In 1878, Cyprus came under British administration, following the Cyprus Convention and the Treaty of Berlin of that year. Starting in the early 20th century, the commercialisation of local embroidery sold all over Europe by the people of Pano Lefkara produced major changes. Dating from this period are the two-storey houses with shops on their ground floors, sloping ceramic tiled roofs and long balconies running the length of main façades rendered in coloured plaster and decorated with period neoclassical architectural elements.

World War II interrupted the sale of embroidery, which never recovered. The shortage of work forced inhabitants to emigrate en masse and in the 1930s half of the village of Pano Lefkara was left uninhabited.
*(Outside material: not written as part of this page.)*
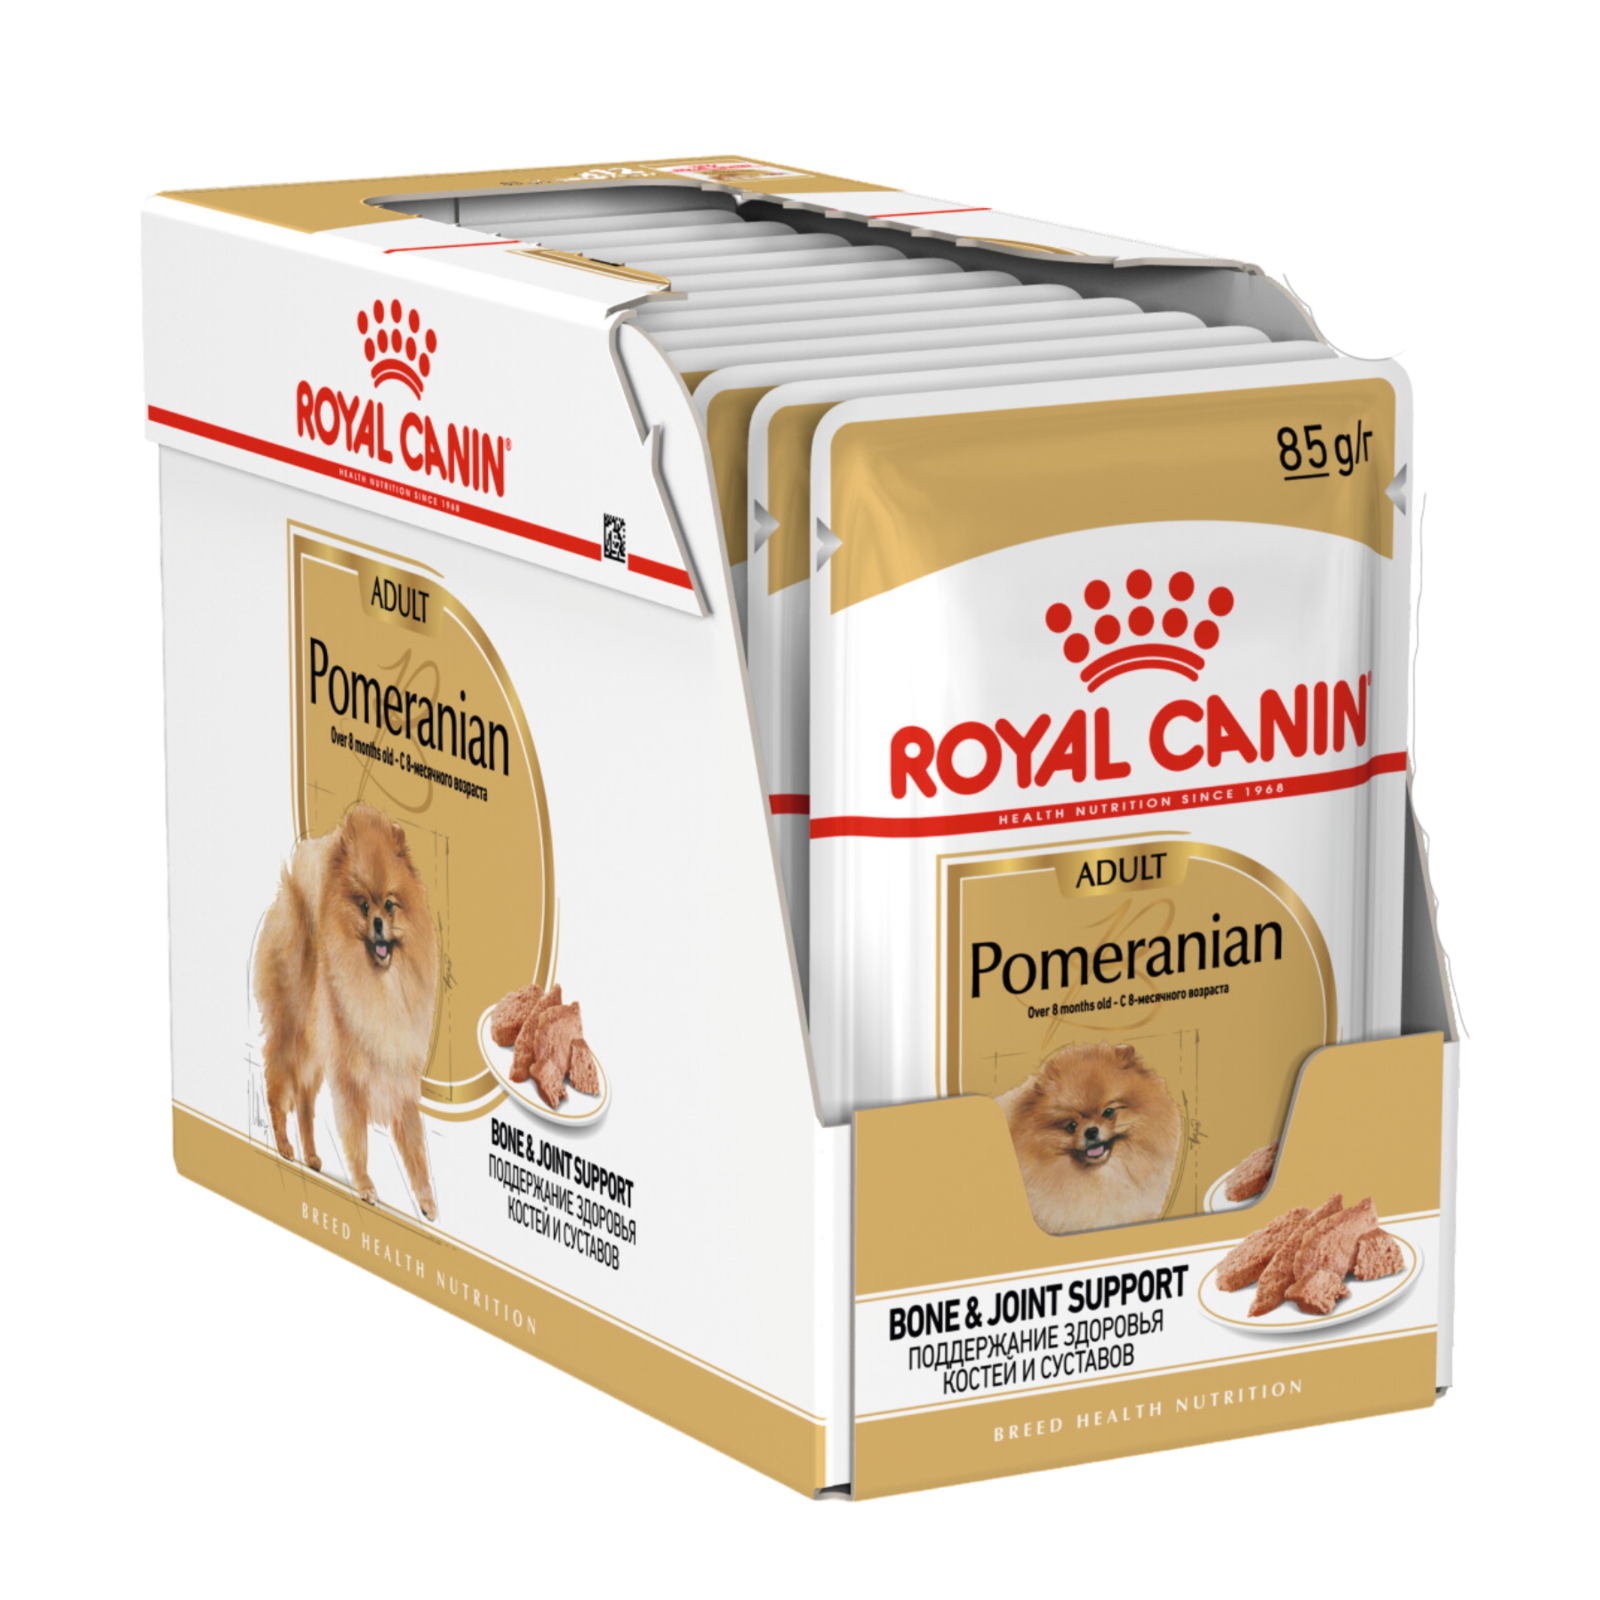 Royal Canin Dog Food Pouch Adult Pomeranian

Historically, the town had a mixed population, consisting of a majority of Greek Cypriots and a minority of Turkish Cypriots. The 1946 census recorded a population of 2,530 Greek Cypriots and 473 Turkish Cypriots, totalling 3,003. A number of residents of Pano Lefkara migrated overseas in the 1950s, such that by 1960, the total population had dropped to 2,075, with 1,714 Greek Cypriots and 361 Turkish Cypriots. Around 400 Turkish Cypriots fled from the village and were displaced to nearby Kofinou during the intercommunal violence from December 1963 to January 1964. They were displaced once again to Northern Cyprus following the Turkish invasion of Cyprus in 1974, being resettled in the village of Agios Theodoros. These displaced residents hold on to the culture of Pano Lefkara, and a Pano Lefkara House where the weaving of the Pano Lefkara lace is taught functions in Agios Theodoros.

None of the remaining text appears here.